Please use this identifier to cite or link to this item: http://hdl.handle.net/123456789/13831
Title: MODELLING AND SIMULATION OF METHANE TRI - REFORMING FOR PRODUCTION OF HYDROGEN IN A MICRO - CHANNEL REACTOR
Authors: Kumar, Vijay
Keywords: METHANE TRI - REFORMING
HYDROGEN : PRODUCTION
MICRO - CHANNEL REACTOR : HYDROGEN PRODUCTION
CHEMICAL ENGINEERING
Issue Date: 2014
Abstract: Amongst various types of methane reforming processes such as dry reforming, steam reforming, auto thermal reforming etc., the steam reforming produces syngas having maximum H2/CO ratio. However, due to its endothermic nature, it requires external heating for the steam reforming reactions. Further, dry reforming and auto thermal reforming have their own limitations like high coke formation in case of dry reforming and lower H2/CO ratio in case of auto thermal reforming. Thus, tri-reforming is getting strong interest in recent years, in which the above three reforming reactions take place. Recently, the feasibility of tri-reforming has also been demonstrated in pilot scale KOGAS reformer using multi-tubular reactor.
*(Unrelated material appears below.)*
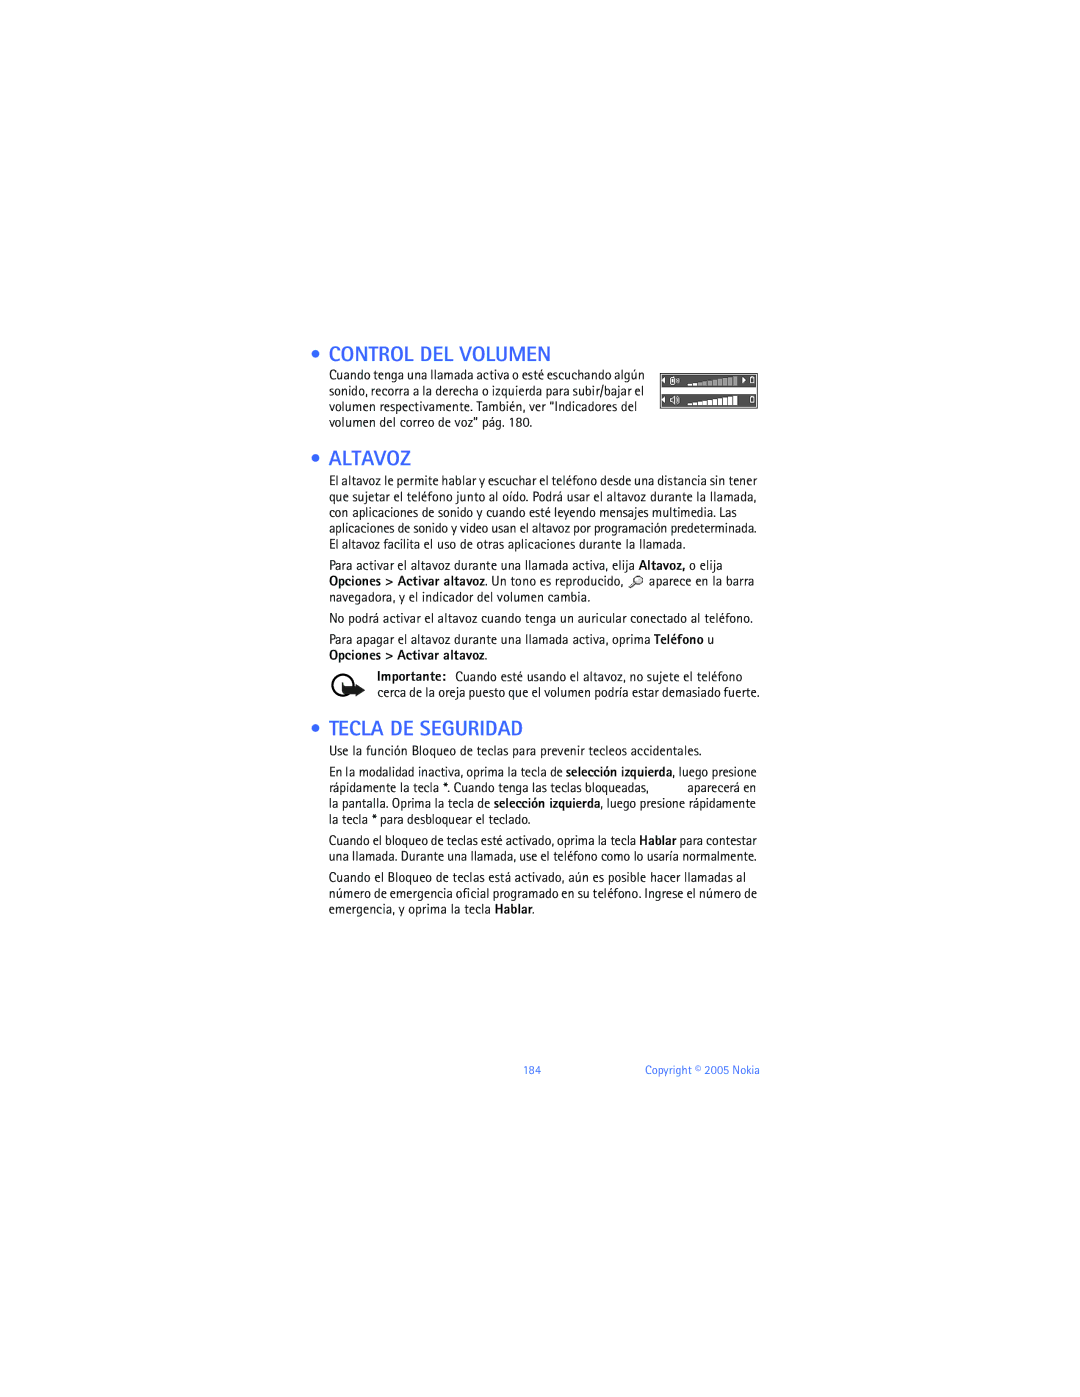 Nokia 6670 manual Control DEL Volumen, Altavoz, Tecla DE Seguridad 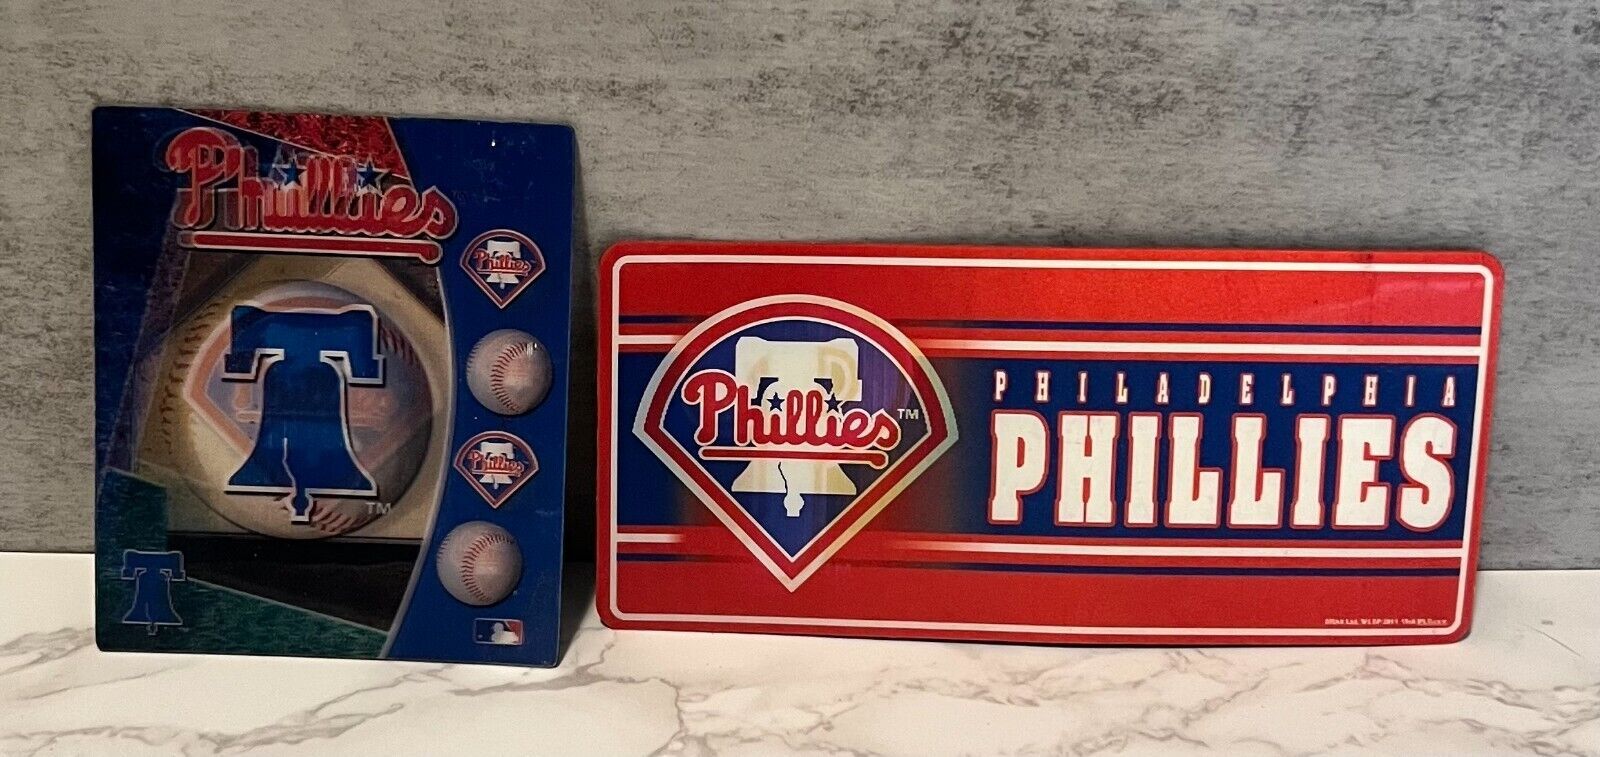 Primary image for Philadelphia Phillies Lenticular Magnets Lot of (2) MLB Baseball

Although multi tubular fixed bed reactor is the common reactor configuration for reforming process, the thermal loss is relatively high in this reactor resulting lower efficiency. Application of monolith or micro channel type reactor may improve the efficiency of the reformer due to better heat integration. Application of micro-channel reactor for the reforming of methane has been reported by some literature however, there is hardly any report on the tri reforming of methane in micro channel reactor. In the present study tri-reforming of methane in micro channel reactor having 10 cm length 2 mm inner diameter and loaded with Ni based catalyst has been simulated. Model equations consisting ordinary differential equations have been simulated using ODE solver (ODE 45) in mat lab 2009 software. On the basis of simulated data it was found that methane conversion, hydrogen and CO yield and syngas production are favored by high temperature, low pressure and at limited amount of O2 in feed. As mentioned above the optimum temperature is 1000K, optimum pressure is 40 kPa and optimum feed composition CH4:H2O:CO2:O2 is 10:5:5:2. At optimum conditions the conversion of CH4 is 95%, the yield of H2 and CO is 2.06 and 1.38 respectively, the selectivity of H2 is higher than CO and H2/CO ratio is 1.49.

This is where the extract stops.